Interactive Investor

Learning from Lauren

Richard Beddard
Publish date: Tue, 28 Feb 2012, 11:48 AM

Celebrity insights into French Connection

I was brushed by celebrity on Thursday, but I’ve calmed down now. The catalyst was a blog I’d written on French Connection and whether its recent difficulties making a profit are because the high street is unfashionable or its clothes are (or indeed, both).

We know the high street is unfashionable, with increasing numbers of people preferring to shop out of town and out of body (i.e. on the Internet) and I proposed using What I Wore Today, a site that allows people to show off what they’re wearing and where they bought it, as a means of gauging the French Connection Brand.

The result was inconclusive, although longer term monitoring of What I Wore Today might yield some interesting results. But arch-networker and financial anlayst Steve Baines tweeted:

Impressed to see @RichardBeddard is using @PoppyD‘s @WIWT for investment research: http://t.co/jn45lkC3

He added:

I think sourcing information from non-financial market sources is one of the key ways of generating superior investment returns over time.

Which is an interesting perspective, I think it might be important, but the cold hard numbers are more important.

@PoppyD is Poppy Dinsey, who founded the site. and Lauren Laverne is the radio 6 Music DJ who introduced me to Poppy Dinsey on her morning show, one of only two radio broadcasts I listen to regularly, the other being Today.

So imagine my delight when Poppy and Lauren began tweeting about French Connection. Delight because I could brag to my kids about my new-found celebrity contacts (the eldest gets a surprising amount of satisfaction cadging retweets from celebrities) but also because I’d expended my pool of research to somebody at the heart of high street fashion and somebody closely connected to the celebrity culture that often drives it. This is what they said:

PD: Interesting piece by @richardbeddard. I think French Connection is one of the few brands I’ve never owned/worn http://blog.iii.co.uk/kicking-french-connections-tyres/

LL @PoppyD @richardbeddard V interesting! I think FC coats are particularly strong, actually, but the daywear not so much.

PD: @RichardBeddard Really interesting. I think “high end high street” really suffers. Nobody wants to spend that much on non-designer

PD: @RichardBeddard People want super fast fashion on the cheap…or high end investment pieces. French Connection sits awkwardly in the middle.

PD: @laurenlaverne @richardbeddard I always like their Xmas party dresses, but it’s just an awkward price point. (And I’m massively tight)

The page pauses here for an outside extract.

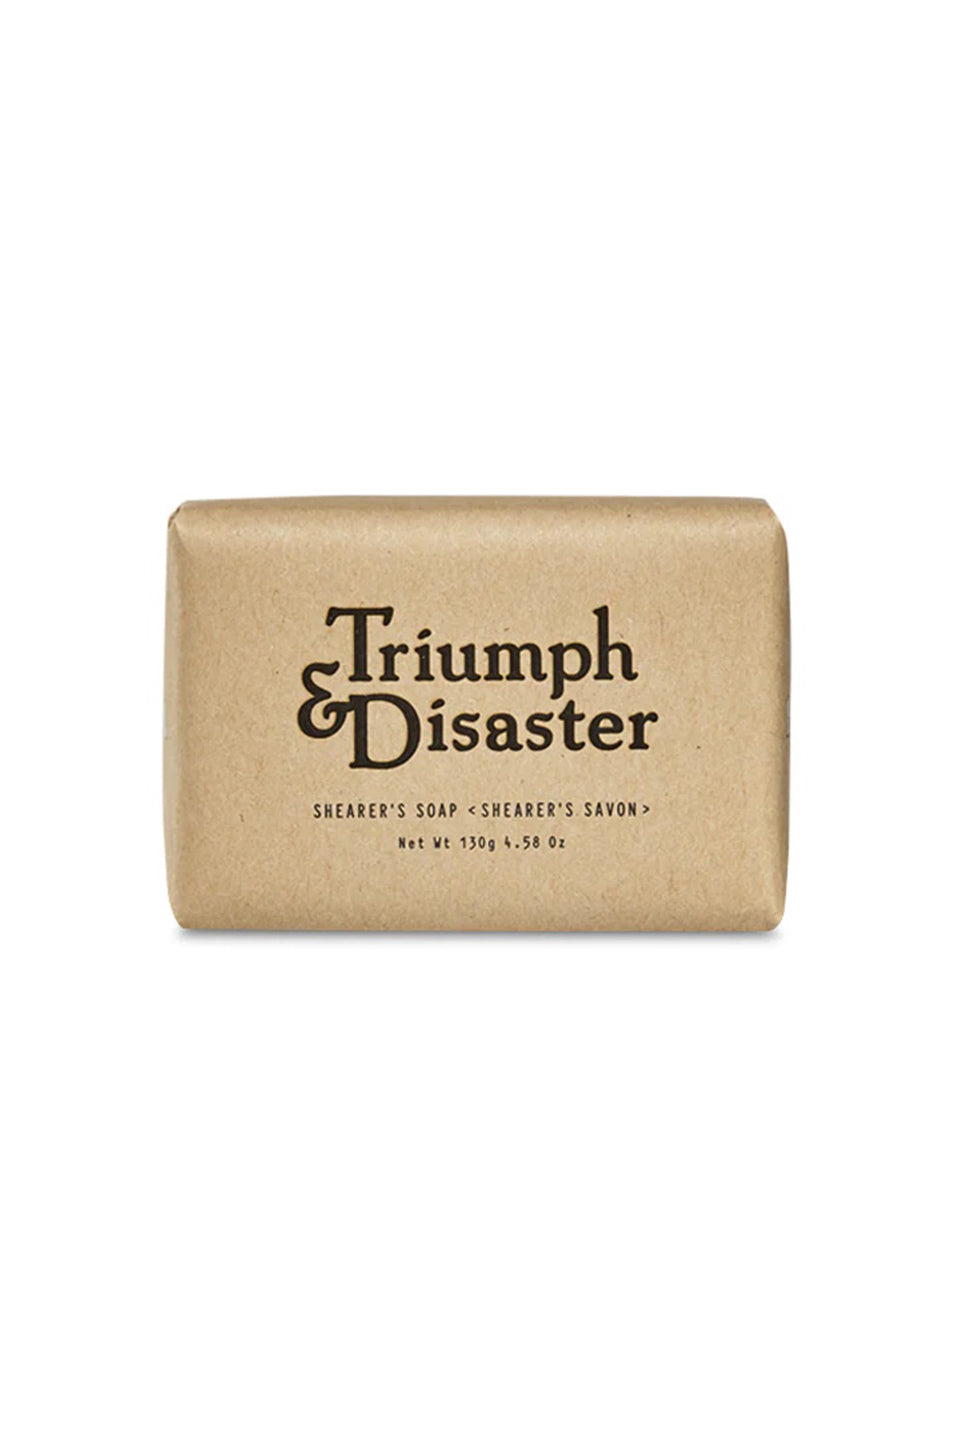 Triumph & Disaster - Shearers Soap Bar - Package

LL: @PoppyD @richardbeddard Good statement pieces, majority of stuff a bit too Karen Millen, though. Could be great!

Their followers agreed.

So what have I learned from my brush with fame?

They confirmed what the fashionable, young writers at Moneywise Magazine told me when I first started looking at French Connection years ago. The clothes are quite nice, but they’re generally too expensive. They buy them sometimes, when they’re on sale.

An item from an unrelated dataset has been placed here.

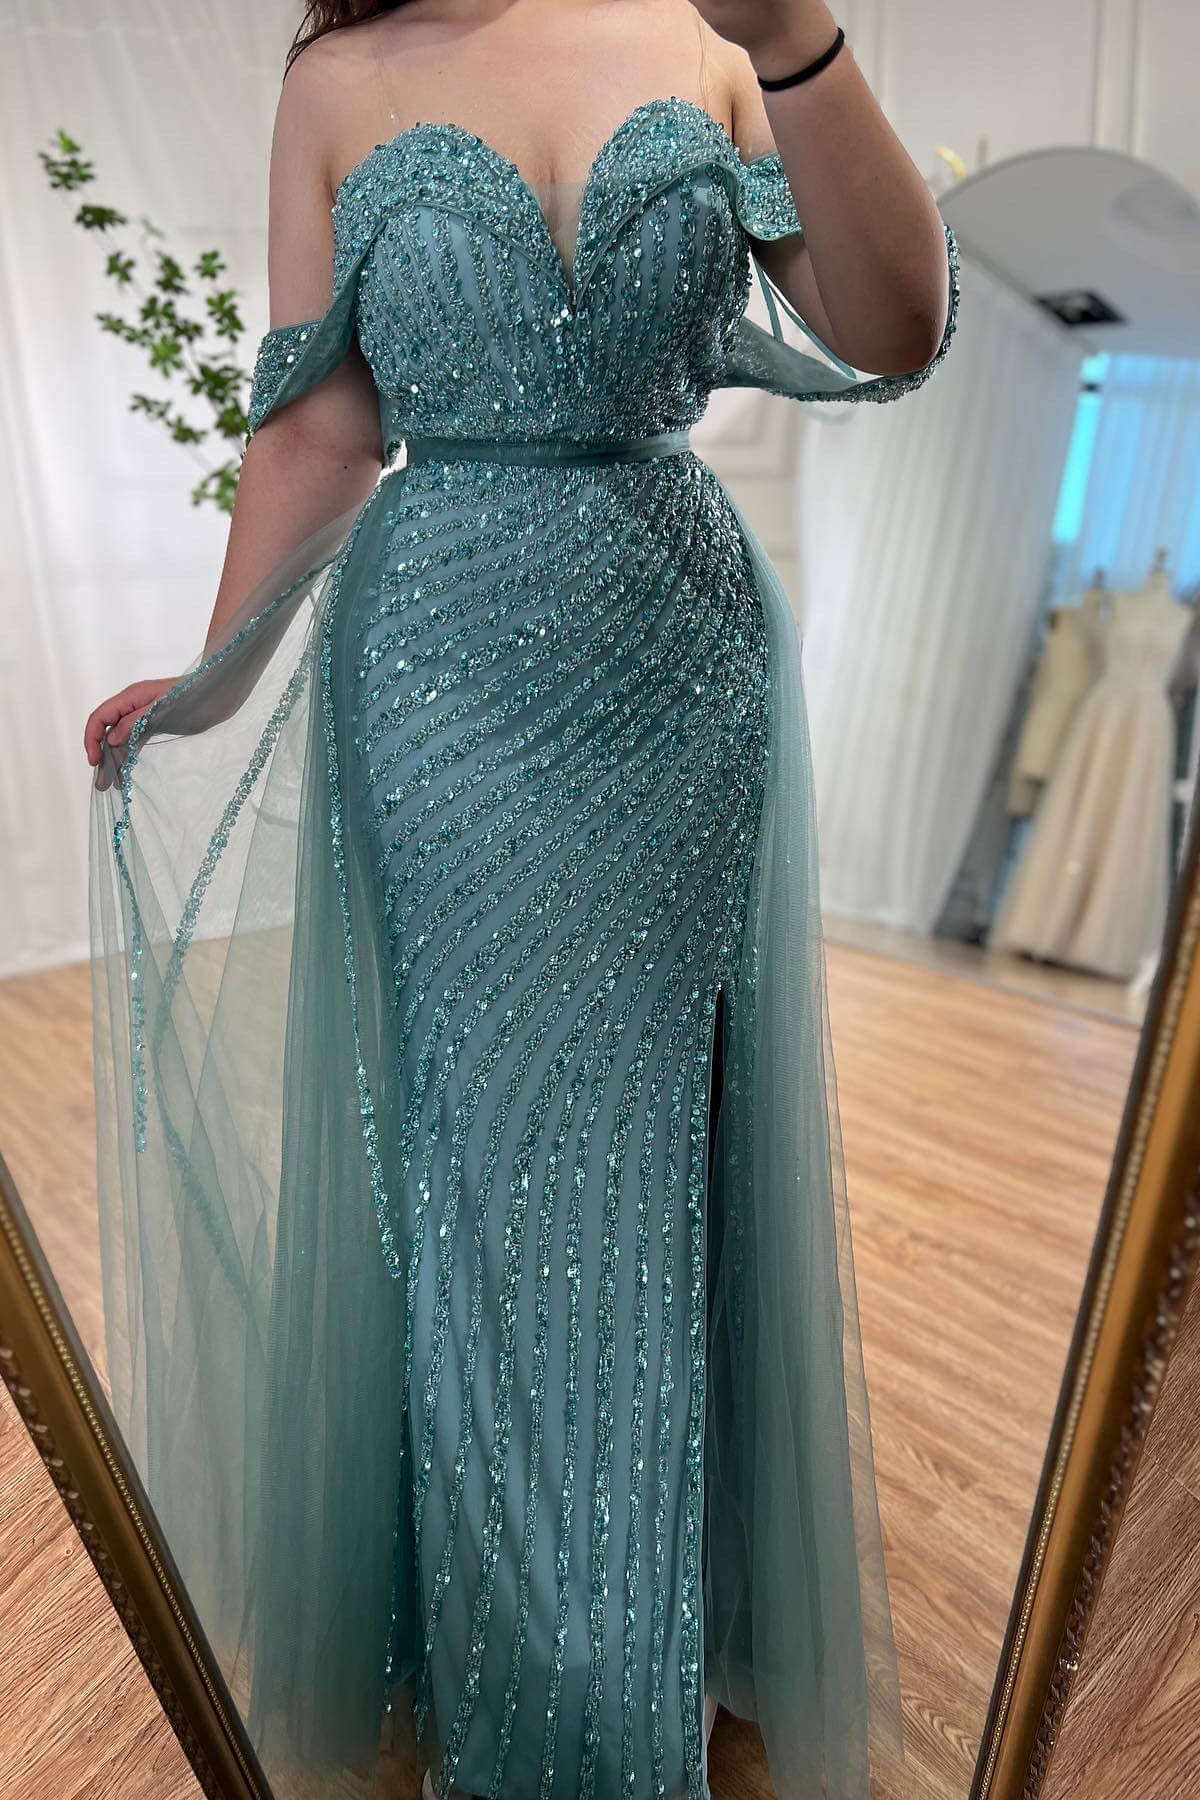 Luxury Jade Off-the-Shoulder Evening Gowns Mermaid Beadings With Tulle Overskirt - lulusllly

Poppy Dinsey’s observation that high-end high-street really suffers reminds me I tend to lump the whole of the high street together. Companies like Next are doing so well operationally they take what I consider to be'' risks with their finances, buying back shares rather than saving cash.'' French Connection is awash with cash, but then, it’s struggling to make a profit so arguably the cash is required as a buffer against potential losses and not a luxury investors can take for granted.

Companies like French Connection are doomed to struggle in recessions as their customers shift downmarket but they still have to pay the rent.

As to which is the better long-term investment, it’s a tough one. Next has been successful so long, it’s seems almost inconceivable it will stumble. French Connection has been struggling so long (though not as long!) it’s difficult to conceive of a recovery.

However hard it is to believe these things, that is what the Thrifty 30‘s holding in French Connection, but not in Next, implies. Next will stumble (more accurately, the risk of Next stumbling, and the extent to which the shares would fall in value if it did, is sufficiently large I don’t want to chance an investment), and French Connection will recover, probably.

I’ve got to explain why, when French Connection publishes its annual report later in the spring.